17. Islam views life as a compact whole and economics is one of its most important components. The Islamic economic system is balanced and everything in the system has its right place. Everything is for the benefit and welfare of mankind based upon the principle that everyone has a responsible and honest role in meeting the needs of the body and the soul, the physical and the spiritual. In sum, the Islamic economic system encompasses all aspects of man’s activities. The State is there to bring all productive resources into use for the welfare of its citizens in a lawful and halal manner. In other words, the system stands for simplicity, modesty, charity, mutual help and cooperation. It denounces miserliness, greed, extravagance and unnecessary wastage.
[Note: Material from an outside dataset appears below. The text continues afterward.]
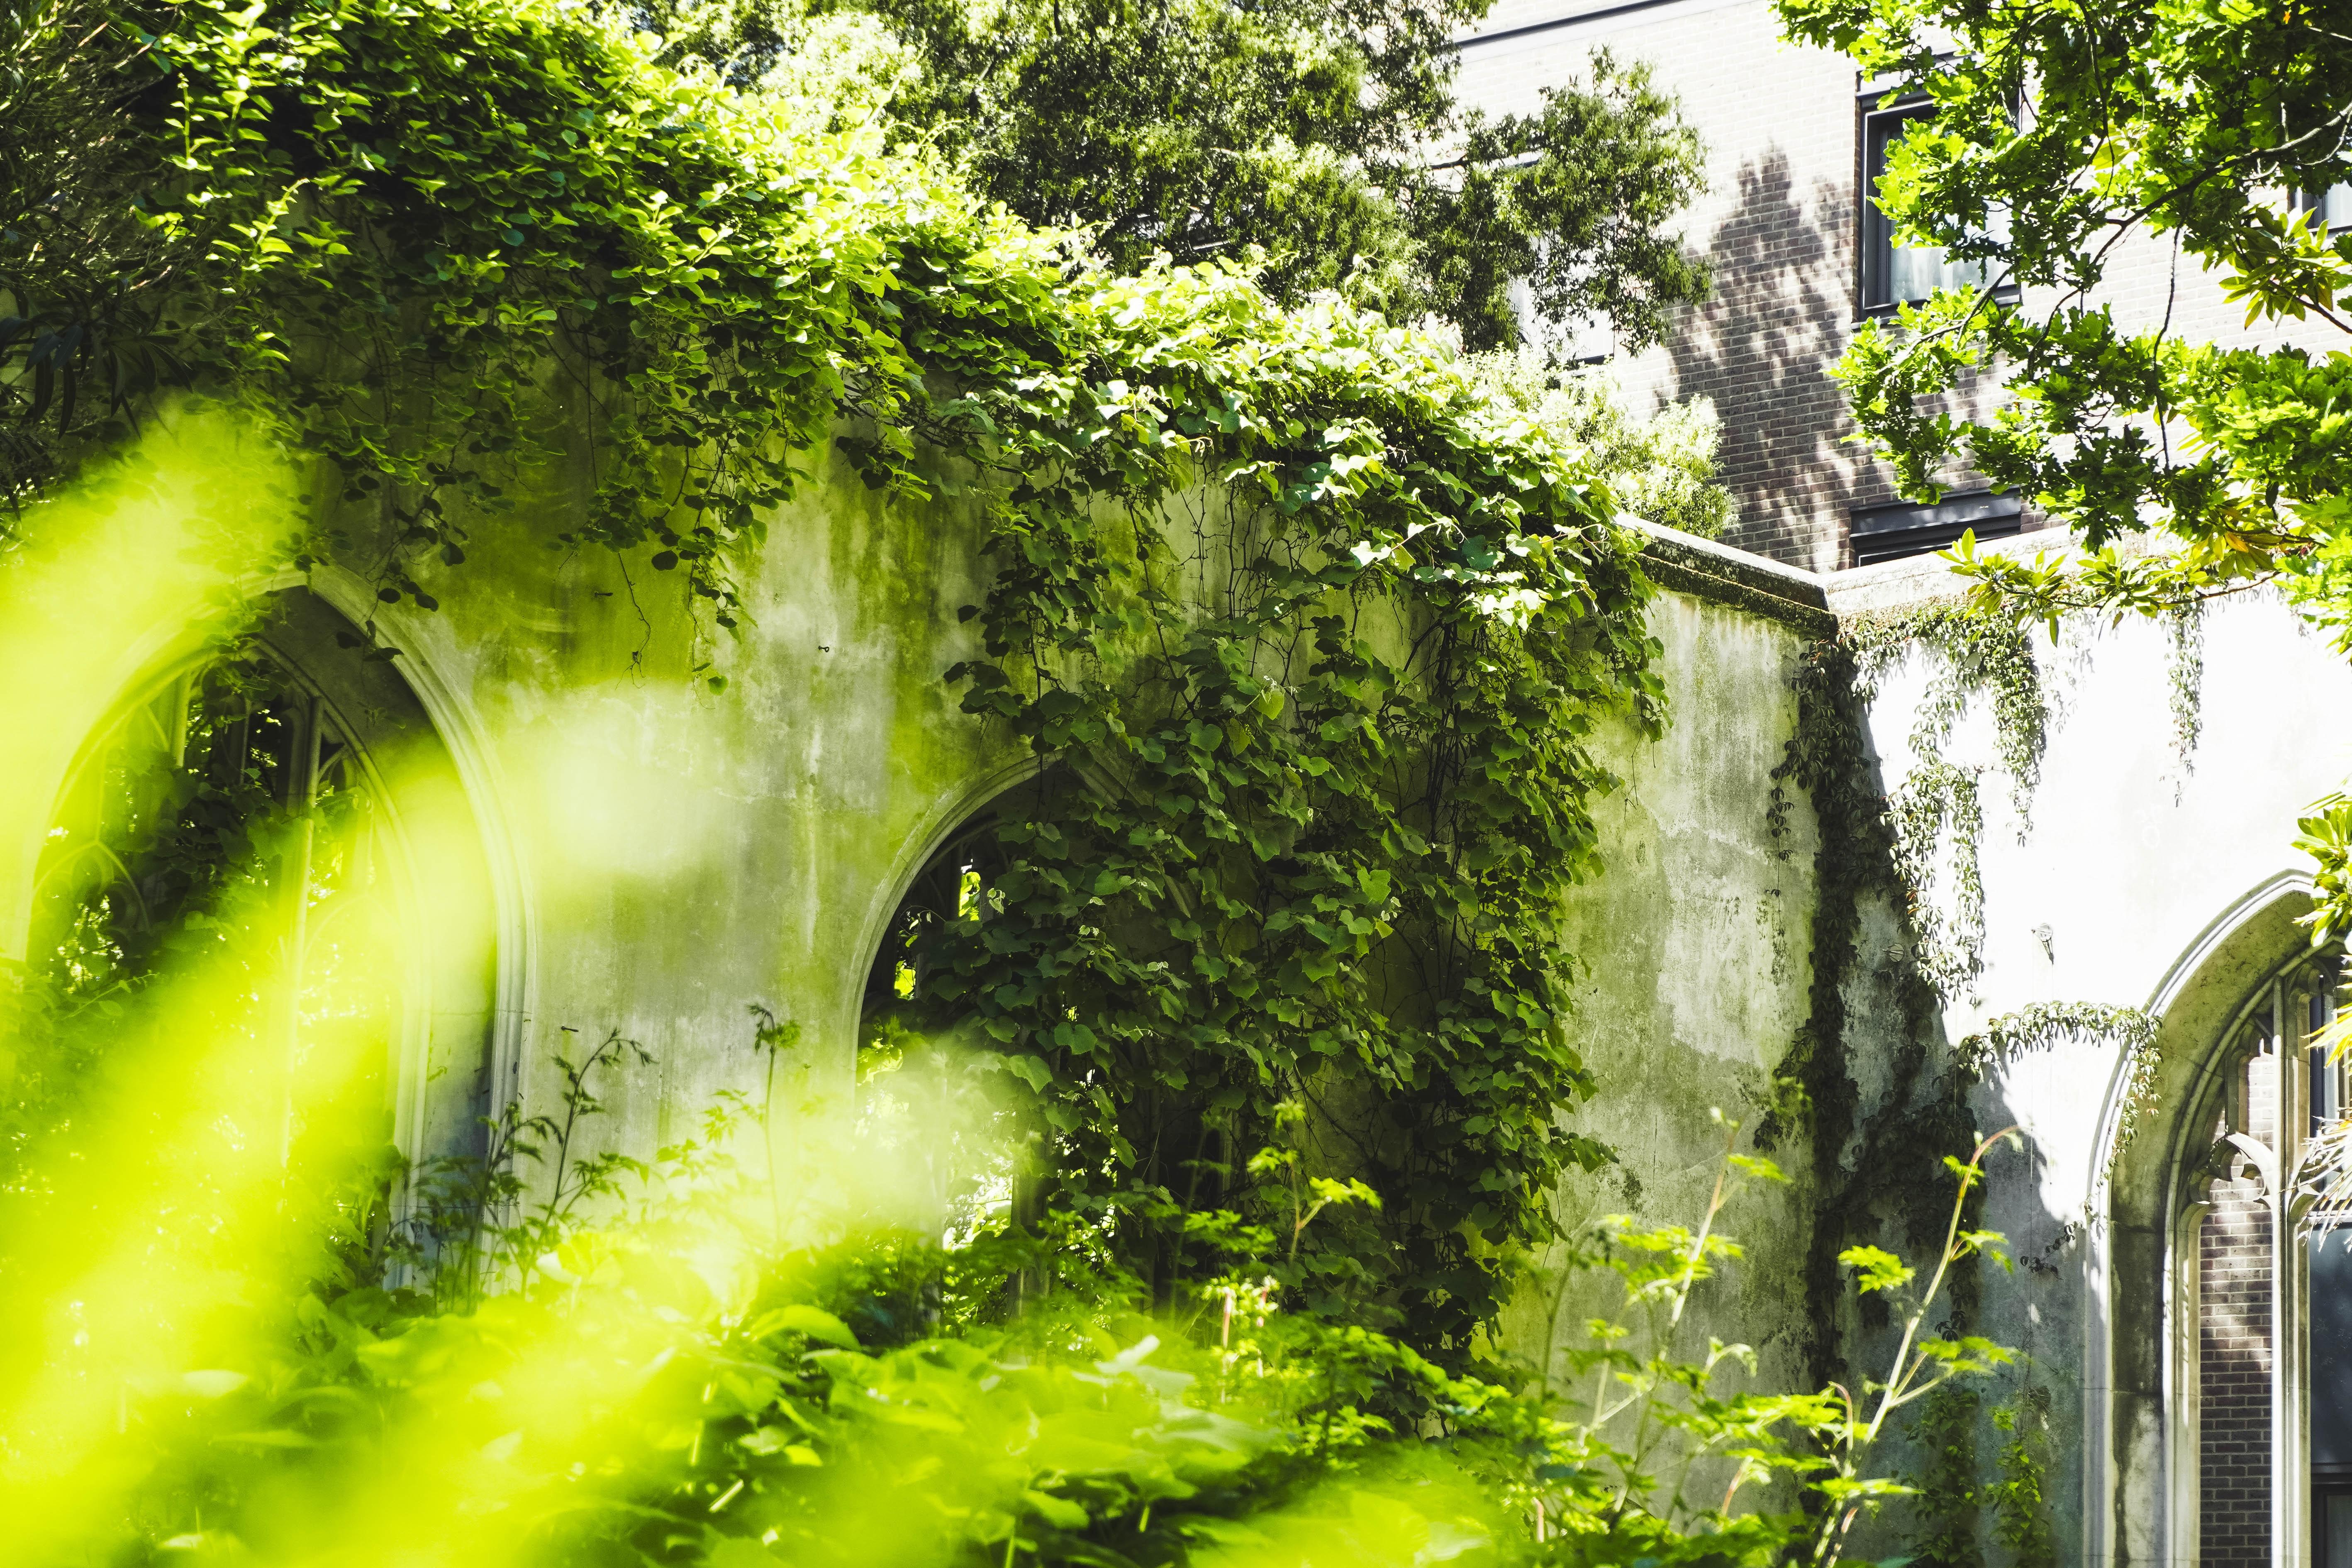 St Dunstan Gardens in London

18. One estimate puts the global financial economy at about 12 times the entire economy of the world. Of this, the derivative market, with an estimated value of nearly 500 trillion US dollars, forms the largest portion, with the stock market at 50 trillion dollars and the bond market at 45 trillion dollars. What is particularly notable, and at the same time worrying, is that the financial economy is becoming increasingly estranged from the real economy. Financial economy used to be a mirror or reflection of, and driven by, the real economy. Now the reverse seems to be the case. Some observers refer to this phenomenon as “financialisation”. It is the situation in which investors no longer look for dividends but behave rather like gamblers speculating and betting on price movements and even on the collapse of national economies. This development magnifies the dangers and risks of speculation much feared by many economists.

19. The trend and reality that I have just mentioned will surely cause more uncertainties and risks to our world. These uncertainties and risks demand the highest level of collective wisdom and commitment from our governments and leaders in their charting the course for the future.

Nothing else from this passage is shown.